Now we can take a quick look and see what we are dealing with. My pandas dataframe isnt too large - just over 860K records with just 4 columns.

In [10]:
ElecReadings.shape

Out[10]:
(860330, 4)

To take a look at the column names we can either list them out or use the .columns attribute in pandas.

In [11]:
list(ElecReadings)

Out[11]:
['TimeStamp', 'Hour', 'DayofWeek', 'ElectricityReading']
Out[11]:
Index([u'TimeStamp', u'Hour', u'DayofWeek', u'ElectricityReading'], dtype='object')

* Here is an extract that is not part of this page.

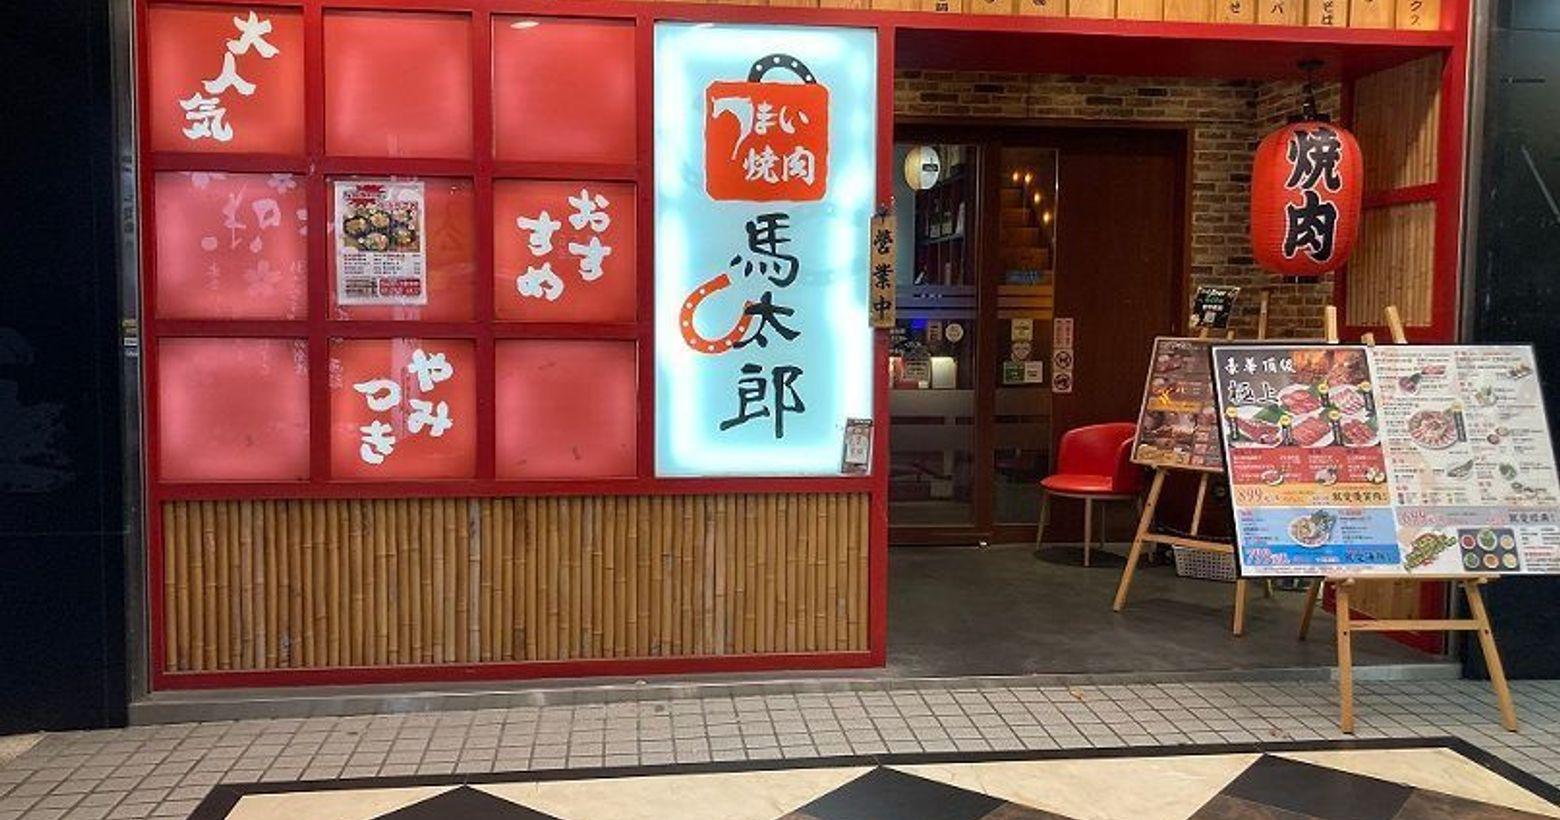 馬太郎燒肉(台灣中山店)馬太郎燒肉是來自日本的連鎖燒肉店,目前在台灣僅此一家,喜歡吃燒肉的朋友,非常

No we want to start taking a quick look at the data itself. We can the .values attribute we can get a Numpy representation of the data frame.

In [12]:
ElecReadings.values

Out[12]:
array([['2017-05-04T00:00:10.216+01:00', 0.0, 'Thu', 376.0],
['2017-05-04T00:00:21.218+01:00', 0.0, 'Thu', 381.0],
['2017-05-04T00:00:32.218+01:00', 0.0, 'Thu', 381.0],
...,
['2017-04-07T23:59:30.660+01:00', 23.0, 'Fri', 343.0],
['2017-04-07T23:59:41.659+01:00', 23.0, 'Fri', 319.0],
['2017-04-07T23:59:52.658+01:00', 23.0, 'Fri', 336.0]], dtype=object)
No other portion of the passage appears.